On April 2, 2014, the Company acquired 100% of the outstanding shares and voting rights of Medical Modeling Inc. Medical Modeling Inc. is a provider of 3D printing-centric personalized surgical treatments and patient specific medical devices, including virtual surgical planning, personalized medical devices and clinical transfer tools. The fair value of the consideration paid for this acquisition, net of cash acquired, was $69,026 of which $51,526 was paid in cash and $17,500 was paid in shares of the Company’s stock. These shares were issued in a private transaction exempt from registration under the Securities Act of 1933. The operations of Medical Modeling Inc. have been integrated into the Company’s service revenues. The fair value of the consideration paid for this acquisition was allocated to the assets purchased and liabilities assumed, based on their estimated fair values as of the acquisition date, with any excess recorded as goodwill, and is included in the table below, which summarizes second quarter 2014 acquisitions. Factors considered in determination of goodwill include synergies, vertical integration and strategic fit for the Company.

 

The acquisition completed in the second quarter is not material relative to the Company’s assets or operating results; therefore, no proforma financial information is provided.

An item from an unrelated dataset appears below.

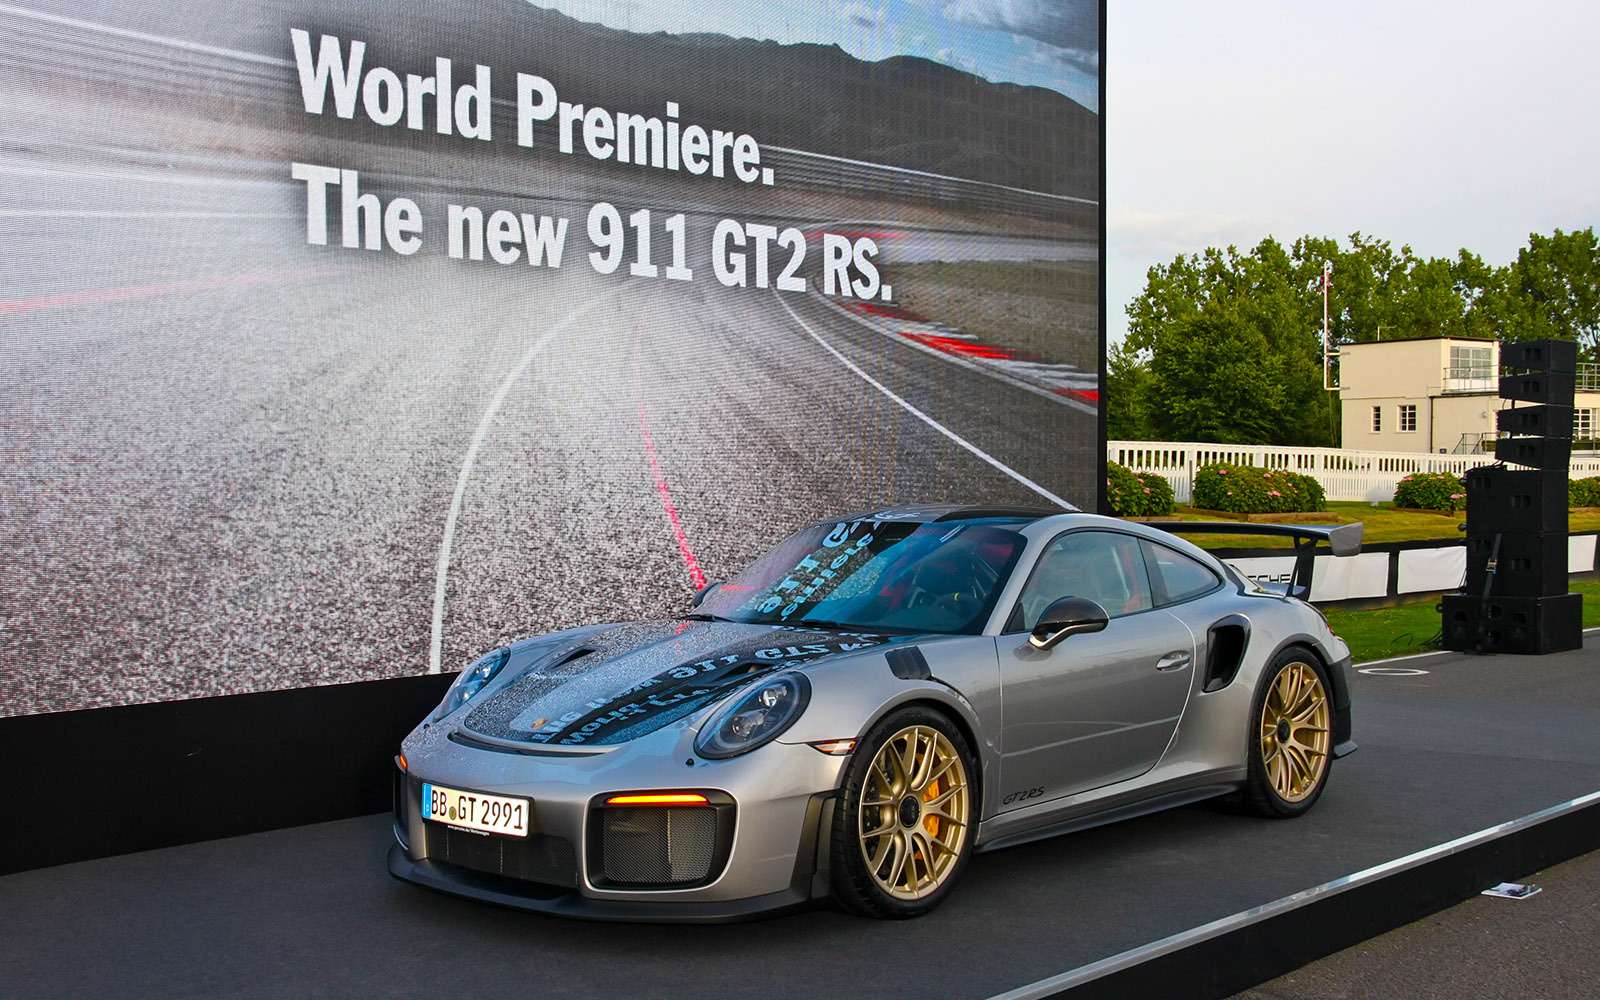 В Гудвуде состоялась мировая премьера купе Porsche 911 GT2 RS, самой мощной серийной версии семейства 911. Оппозитный двигатель объемом 3,8 литра развивает 700 л.с. при 7000 об/мин. До 100 км/ч GT2 RS разгоняется как спортбайк – всего за 2,8 секунды! Максимальная скорость достигает 340 км/ч. Базовая цена в России – 19 245 000 рублей.
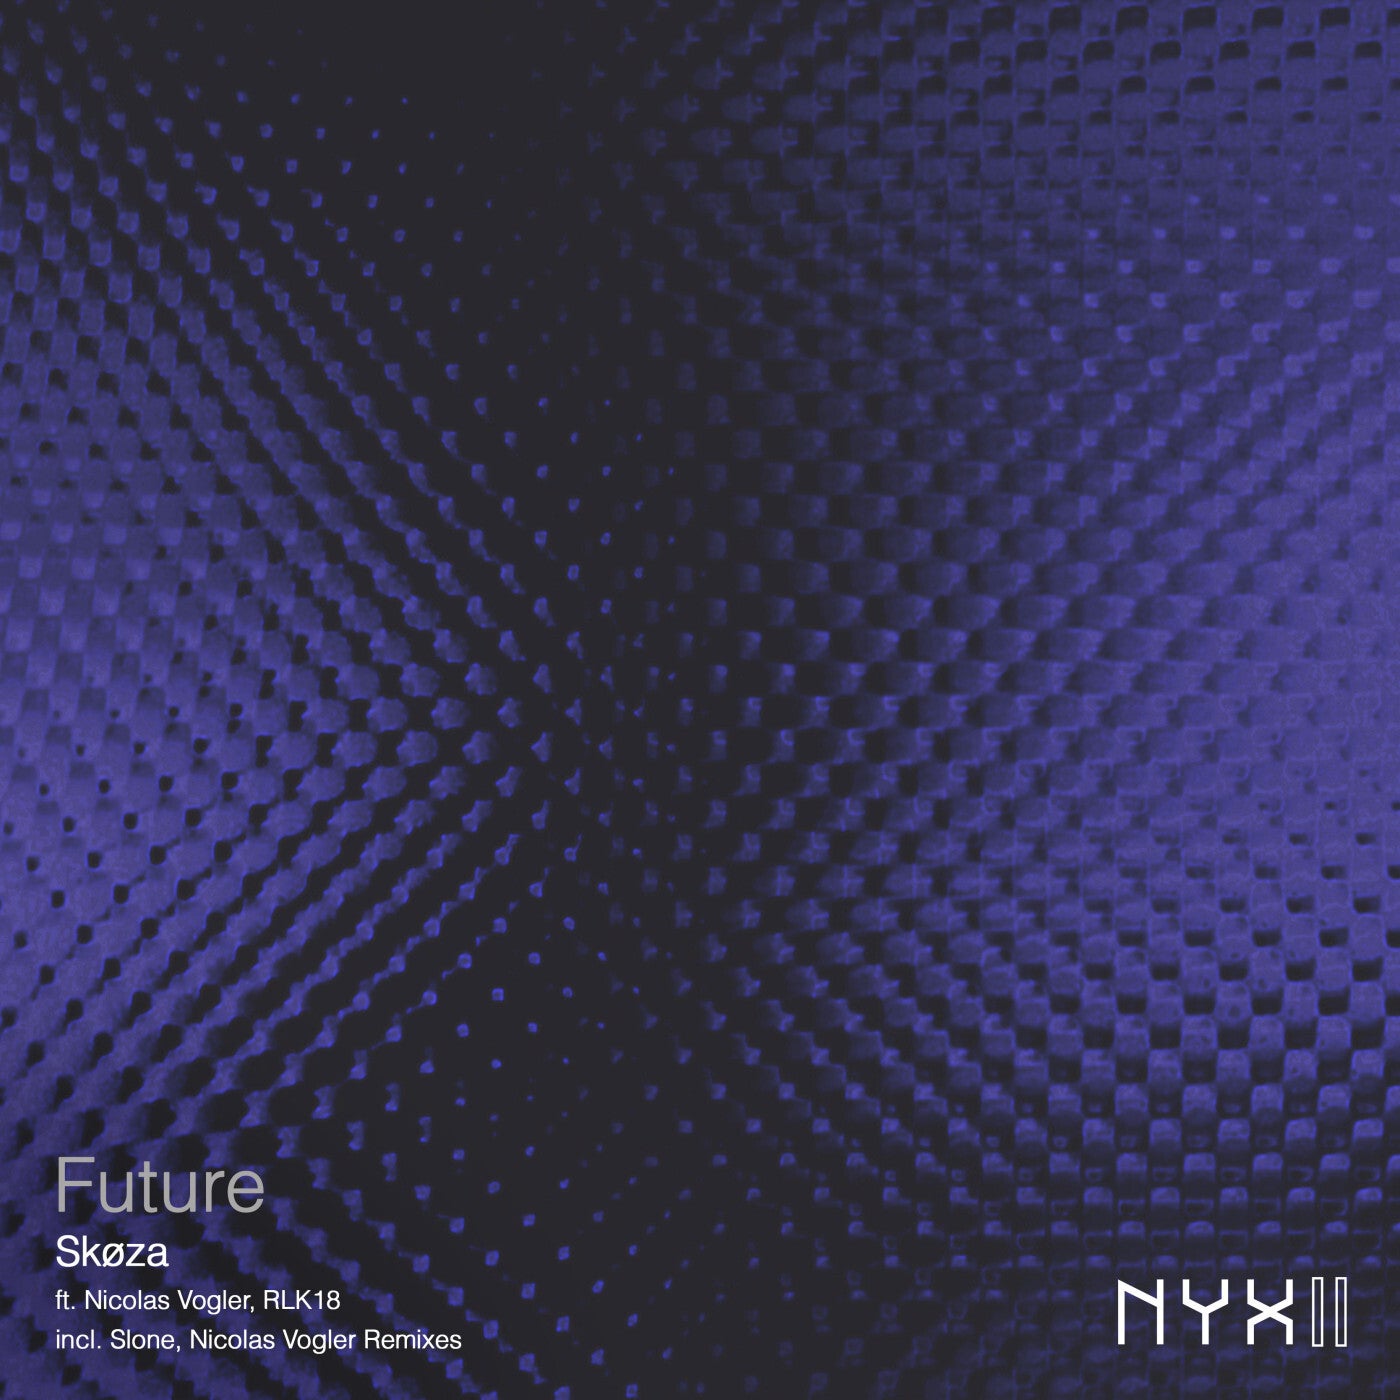 Cover - Nicolas Vogler, RLK18, Skøza - Haubitze (Slone Remix)

The Company’s purchase price allocation for the acquired company is preliminary and subject to revision as more detailed analyses are completed and additional information about fair value of assets and liabilities becomes available. The amounts related to the acquisition are allocated to the assets acquired and the liabilities assumed and are included in the Company’s unaudited condensed consolidated balance sheet at June 30, 2014 as follows:

 

 

 

 

 

 

 

 

(in thousands)

2014

Fixed assets

$

2,737 

Other intangible assets, net

 

34,300 

Goodwill

 

44,181 

Other assets, net of cash acquired

 

2,042 

Liabilities

 

(14,234)

Net assets acquired

$

69,026 

 

Subsequent Acquisitions

 

On April 16, 2014, the Company entered into a definitive agreement to acquire Robtec, an additive manufacturing service bureau and  distributor of 3D printing and scanning products located in Sao Paulo, Brazil. Under the terms of the agreement, the Company will acquire 70% of the shares of Robtec at closing and the remainder of the shares on the fifth anniversary of the closing. The acquisition is expected to close in the second half of 2014.

 

On July 30, 2014, the Company entered into a definitive agreement to acquire Simbionix USA Corporation (“Simbionix”) for $120,000 in cash, subject to customary closing adjustments. Simbionix is a provider of proprietary, high definition, 3D virtual reality surgical simulation, training and educational products for personalized medicine. Simbionix is headquartered in Cleveland, Ohio and has a research and development center in Israel. Under the terms of the agreement, subject to customary closing conditions, the Company will acquire 100% of the outstanding shares of Simbionix.